Кое-что ученые уже выяснили. При эстетических переживаниях, когда человек смотрит на ту или иную картину, активация структур системы награды происходит автоматически. Также доказано, что если человеку понравилось произведение живописи, происходит активация орбитофронтальной коры, расположенной в лобных долях мозга, а в затылочно-височной области коры есть зоны, активирующиеся в ответ на эстетическую оценку архитектурных произведений искусства.
Живопись для всех
Один из важных вопросов нейроэстетики — существует ли в мозге человека универсальный механизм восприятия красоты живописи? Однако ответ на этот вопрос, как и на многие другие, будет дан не раньше, чем эксперимент закончится. Пока что ученые находятся в середине пути и получили только промежуточные результаты. После двух часов в музее самочувствие, активность и настроение людей одинакового возраста (художников и нехудожников) не снижались. Однако молодые посетители (18–45 лет) выставок после двухчасового исследования чувствовали себя более усталыми, в то время как у 50–70-летних участников и самочувствие, и активность, и настроение не изменились. Замечено также, что настроение у зрителей прекрасного в обоих случаях не ухудшалось.

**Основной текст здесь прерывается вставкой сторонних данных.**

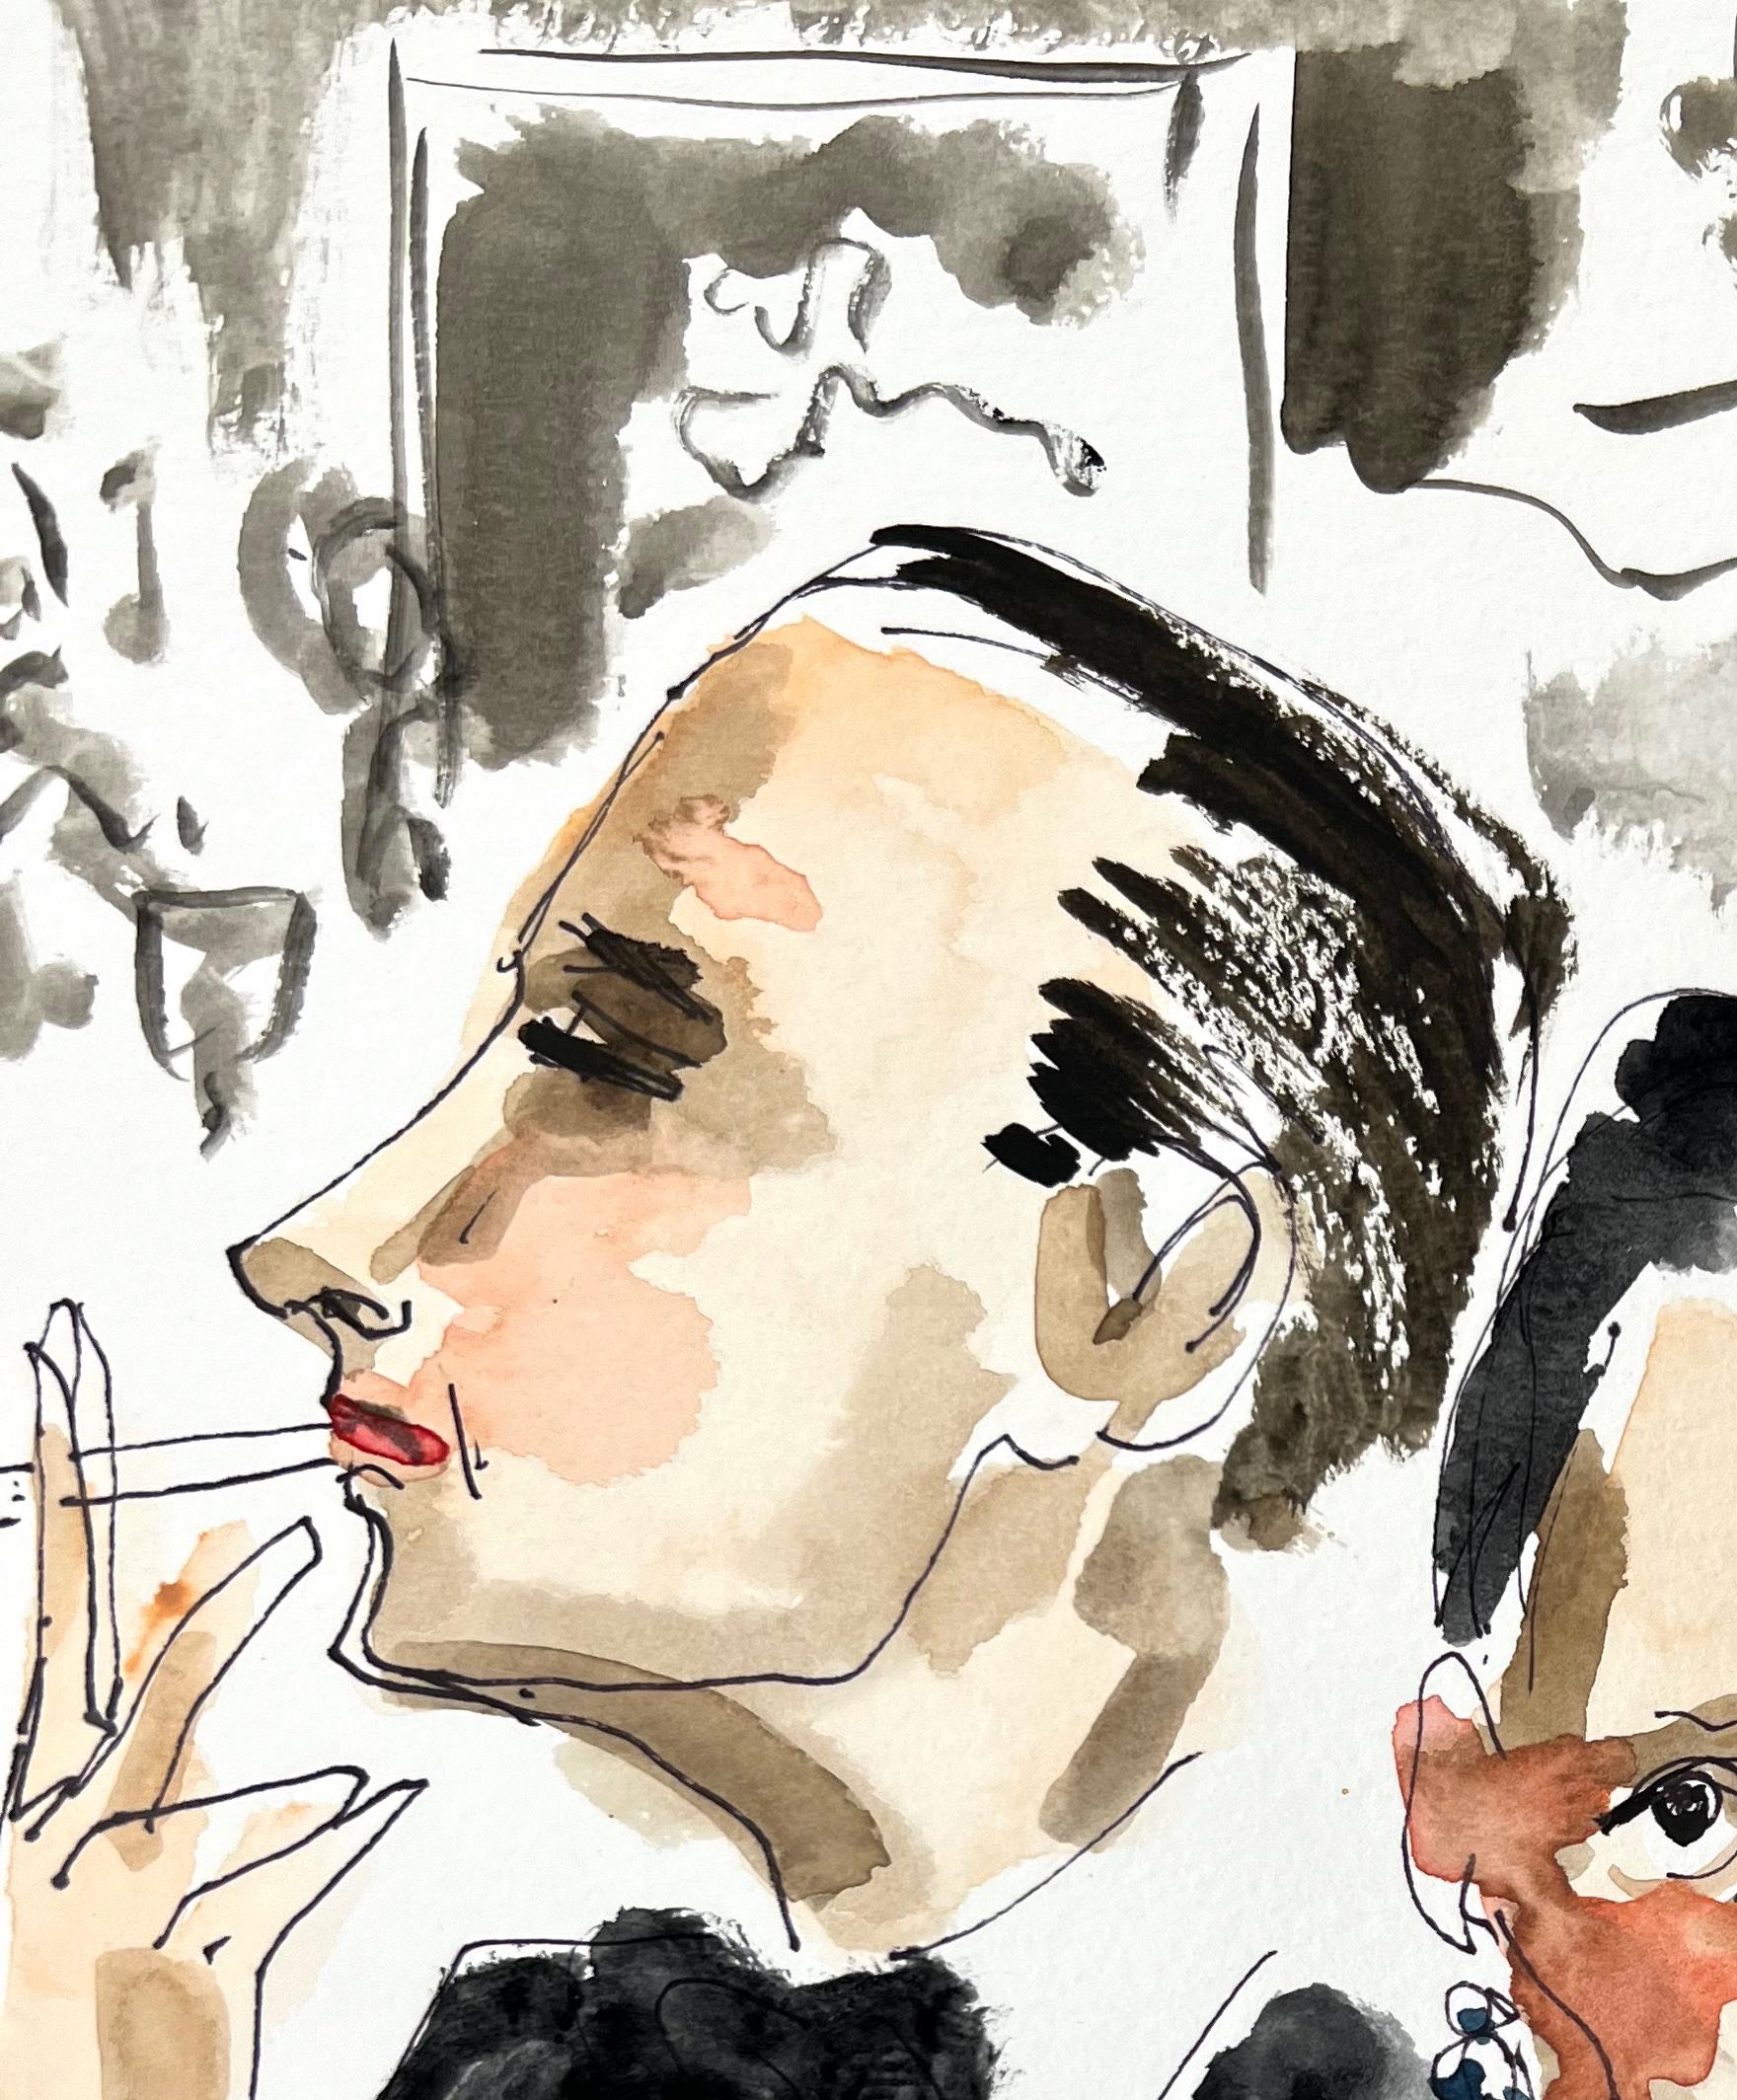 Fred Hughes and Diana Vreeland in New York, Ink and Watercolor on paper  - Art by Manuel Santelices

«В будущем наша работа даст возможность сравнить между собой нейрофизиологические характеристики молодых и более старших посетителей экспозиций, определить топографии различий при восприятии рассмотрения ими одних и тех же художественных изображений, а также затронуть вопросы конкретных объективных характеристик состояния человека в моменты эстетических переживаний с учетом возраста и художественного опыта»,— говорит Наталья Шемякина.
Пока ученые доводят исследование до логического финала, в Русском музее надеются получить новые данные, чтобы применять их в своей просветительской работе. «В прошлом году наш музей стал вторым в мире после Лувра по посещаемости. Нам интересны научные сведения о наших посетителях, а не только известные трендовые. Кто посещает Русский музей? Зачем? Как правило, в основном к нам идут туристы и для галочки, реже — люди, которые реально хотят понять искусство. Русский музей — это художественный музей и, в отличие от исторического или краеведческого, его главная функция — развить эстетические возможности, то есть умение человека визуально оценивать картину, читать ее глазами и мозгом. Речь не о том, чтобы запомнить даты жизни и творчества художников или время создания произведения. Зрители должны научиться считывать особенности художественной структуры произведения, даже не анализируя общий сюжет»,— подытоживает Светлана Бирюкова.